My thoughts now, is to perhaps use two FETs in parallel, and heat sink them both adequately enough to allow it to turn on over a couple of seconds. What are the limitations to this, considering the long(er) switch on times, will they share the load quite evenly? Or does that only really happen under saturation (fully on) conditions?
 
Hi,

Each one probably has to be individually controlled. A small series resistance to measure the current in each device, with feedback to regulate each one.
 
Hi,

Each one probably has to be individually controlled. A small series resistance to measure the current in each device, with feedback to regulate each one.
I was hoping not to, because that would make it completely unfeasible :(

From what I've read, each one needs to have its own gate resistor, combined with decent PCB layout.

I've tried it now with two in parallel and it seems fine, nothing has blown yet, but I really need to stress test this thing before I'll be confident.
 
Hello,

Series resistors also help to equalize currents, so some small values may help a lot.

Another idea is to use more than one MOSFET but have different value series resistors, and turn one MOSFET on at a time. Just for a rough example, if one MOSFET had 100 ohms, the next 10 ohms, and the next 1 ohm,
you would turn on the 100 ohm stage fully and wait until the voltage reached a certain point and then turn on the second MOSFET and then wait again, then finally the third MOSFET. The resistor values could be adjusted as needed, and because they are resistors you can get them in whatever power you need.
This is guaranteed to work because the MOSFETs will always be turned on fully while the resistors are the only things that heat up. You could even add a fourth stage if you like and set the timing after some trials or set the timing on the fly with some feedback.
 
Have you considered using a current limited buck converter? I've done a charger for a bank of supercapacitors that way.

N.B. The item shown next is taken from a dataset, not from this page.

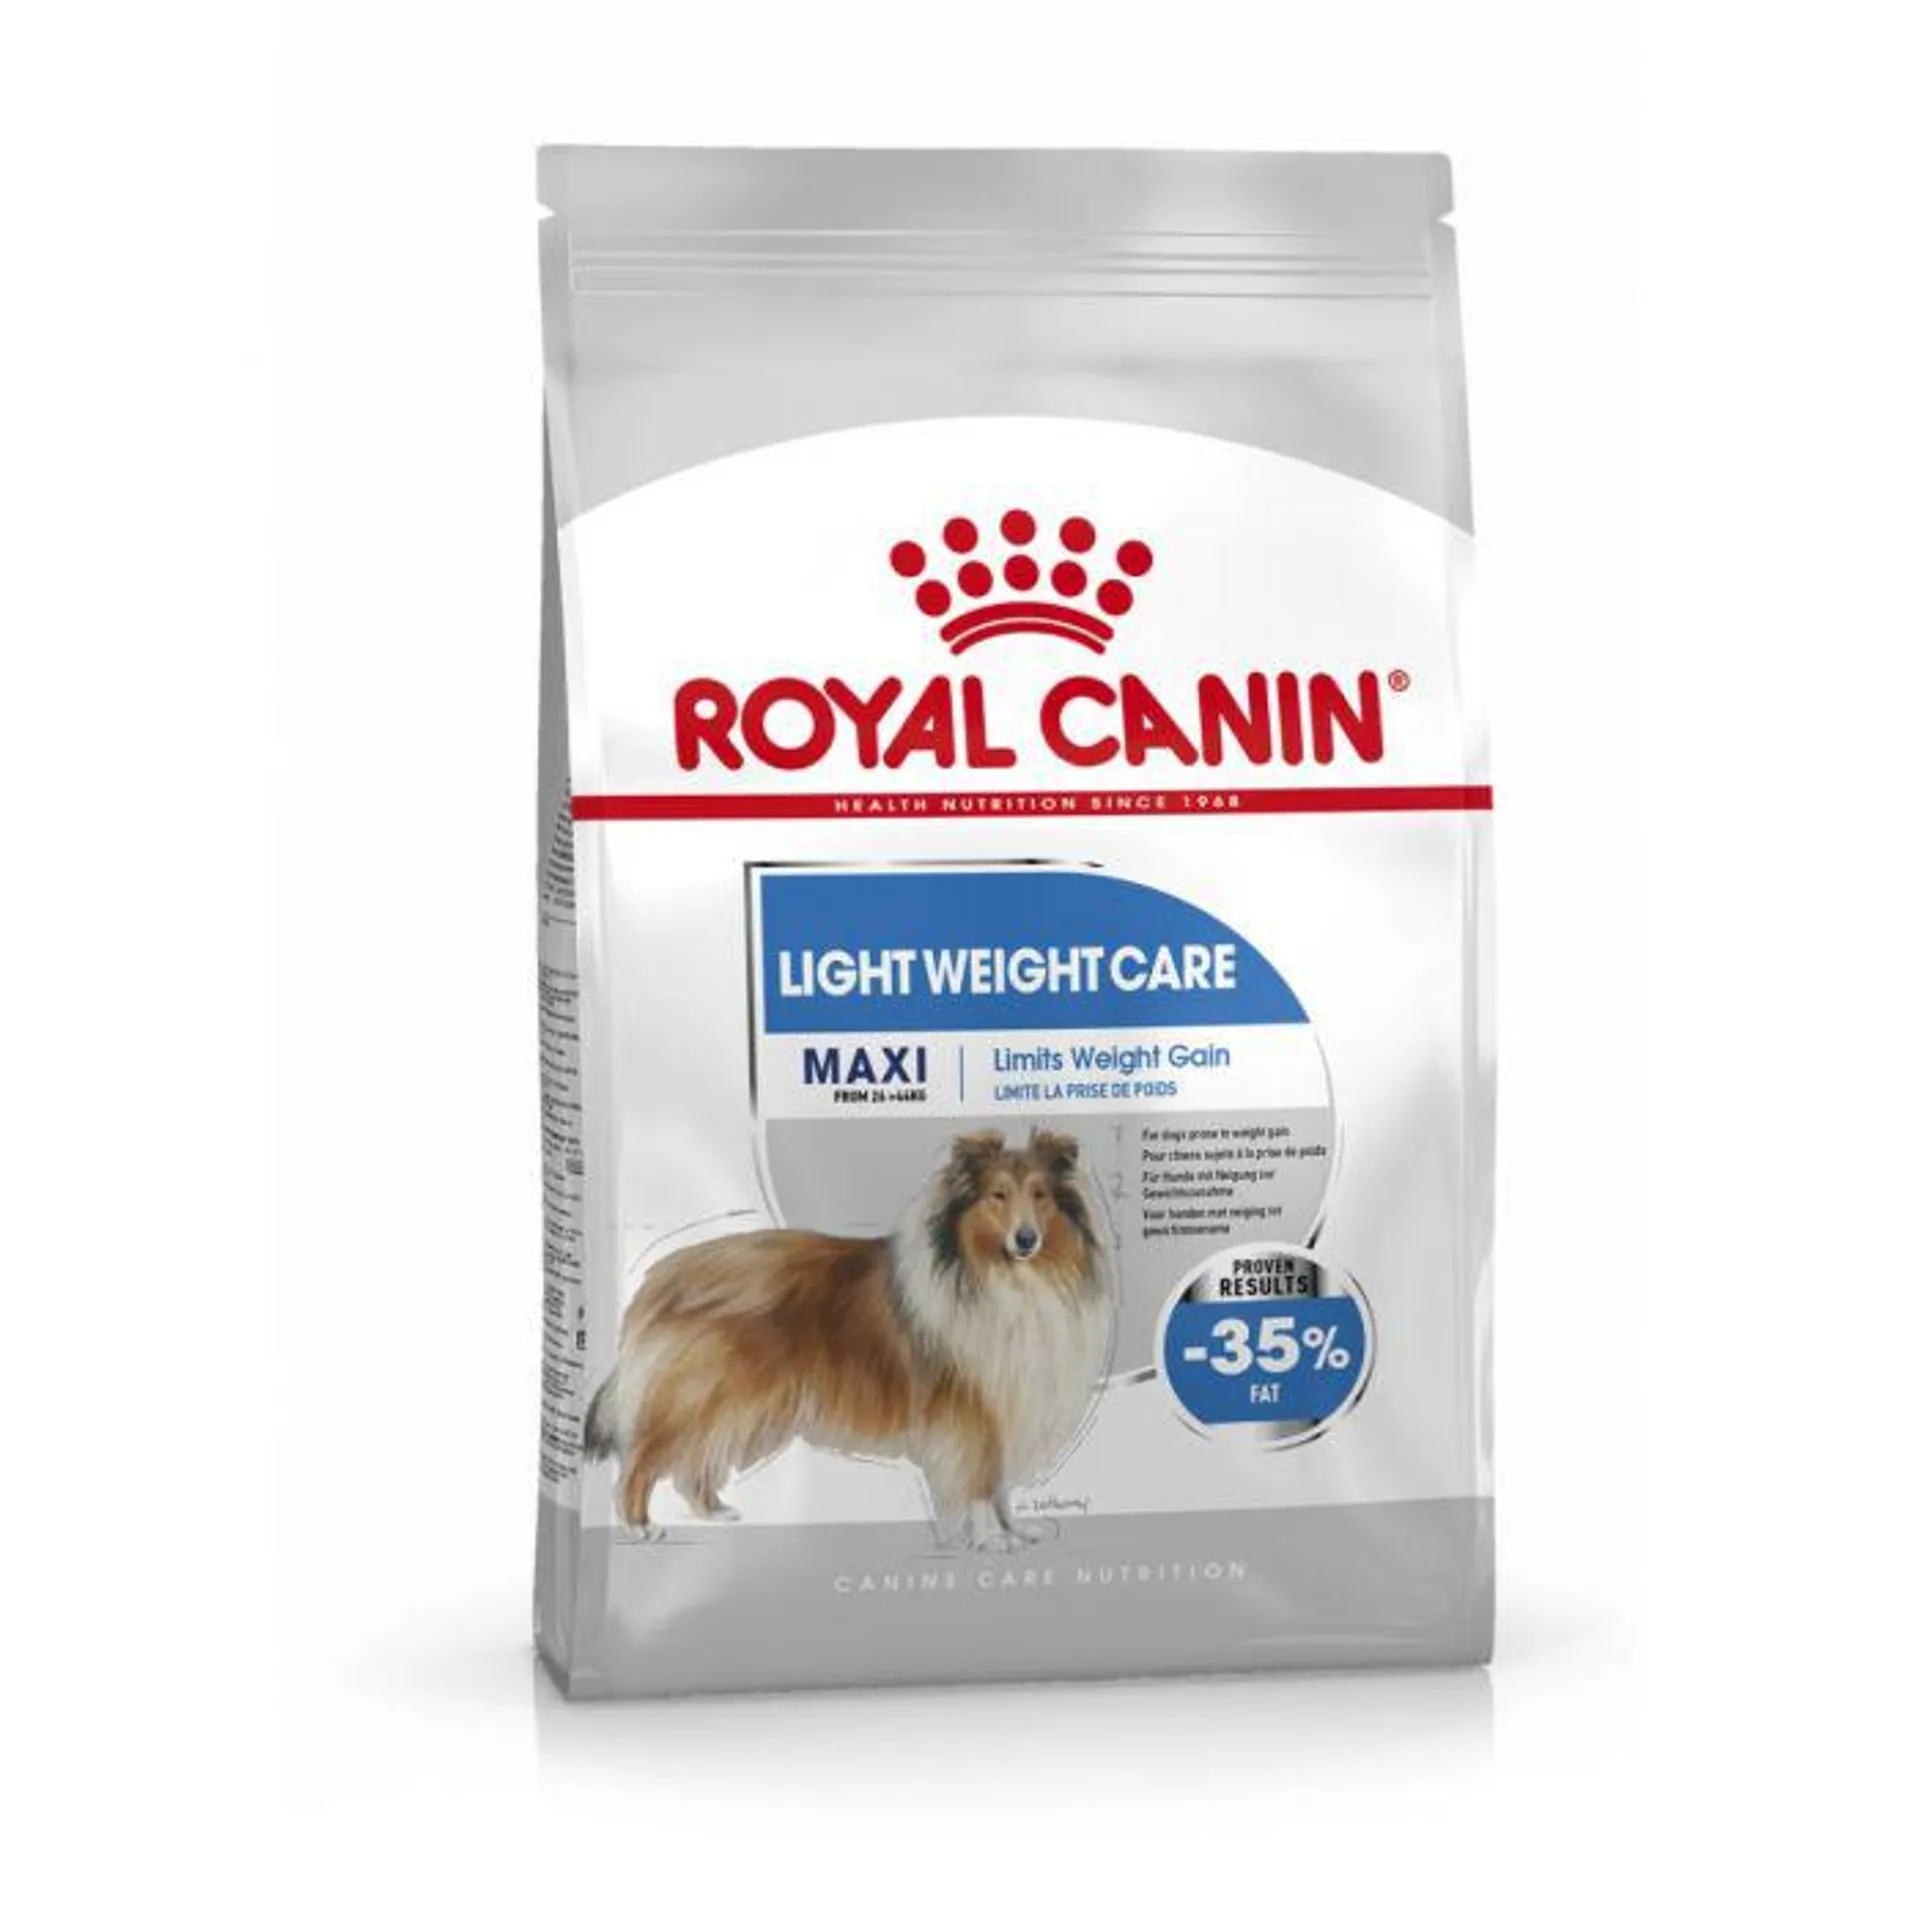 Royal Canin Maxi Light Weight Care Adult Dry Dog Food - 3kg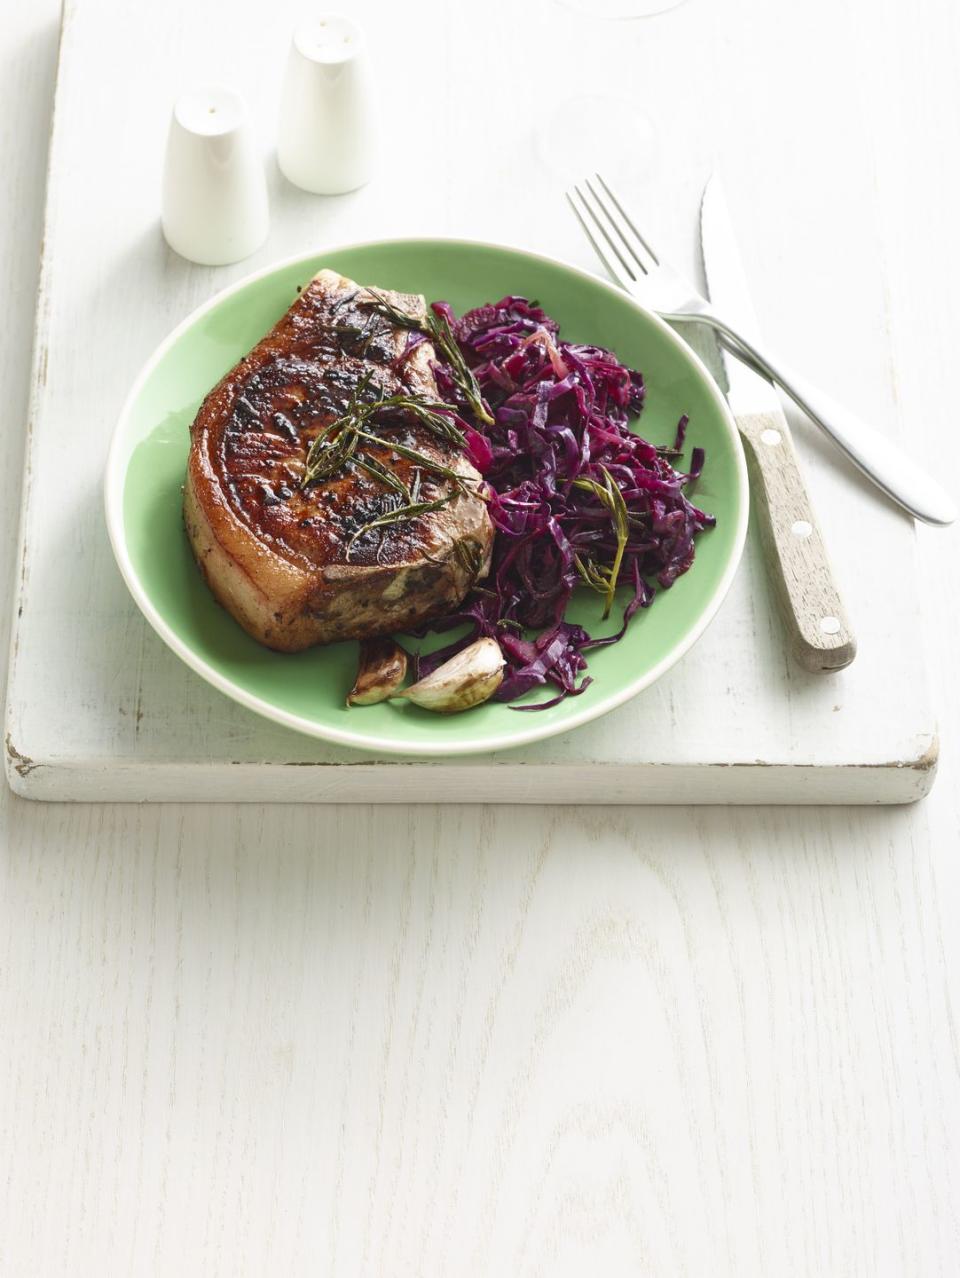 Rosemary Skillet Pork Chops with Quick Braised Cabbage

Even if you only use the switcher to bring the caps up to ~80% of peak, then finish it with a resistor, you would generate a lot less heat.
 
Have you considered using a current limited buck converter? I've done a charger for a bank of supercapacitors that way.

Even if you only use the switcher to bring the caps up to ~80% of peak, then finish it with a resistor, you would generate a lot less heat.
Yeah Chris, thought about something similar like a PWM switch to turn on slowly, but nowadays there's just so much on the market which does it all in one ("oh, there's probably an app for that" mentality), so I thought I'd try this hot-swap method and try get rid of as many external components as possible. I also need to monitor the steady state current, make sure I deal with any faults on the power.

Looking at it from the outside it seemed too good to be true, and so far it hasn't been too bad - barring the couple of FET's I've blown. The features are great; current measurement, automatic overvoltage/overcurrent fault detection, super controlled startup, madness. Its mainly been my limited FET switching knowledge that's been the big problem for me.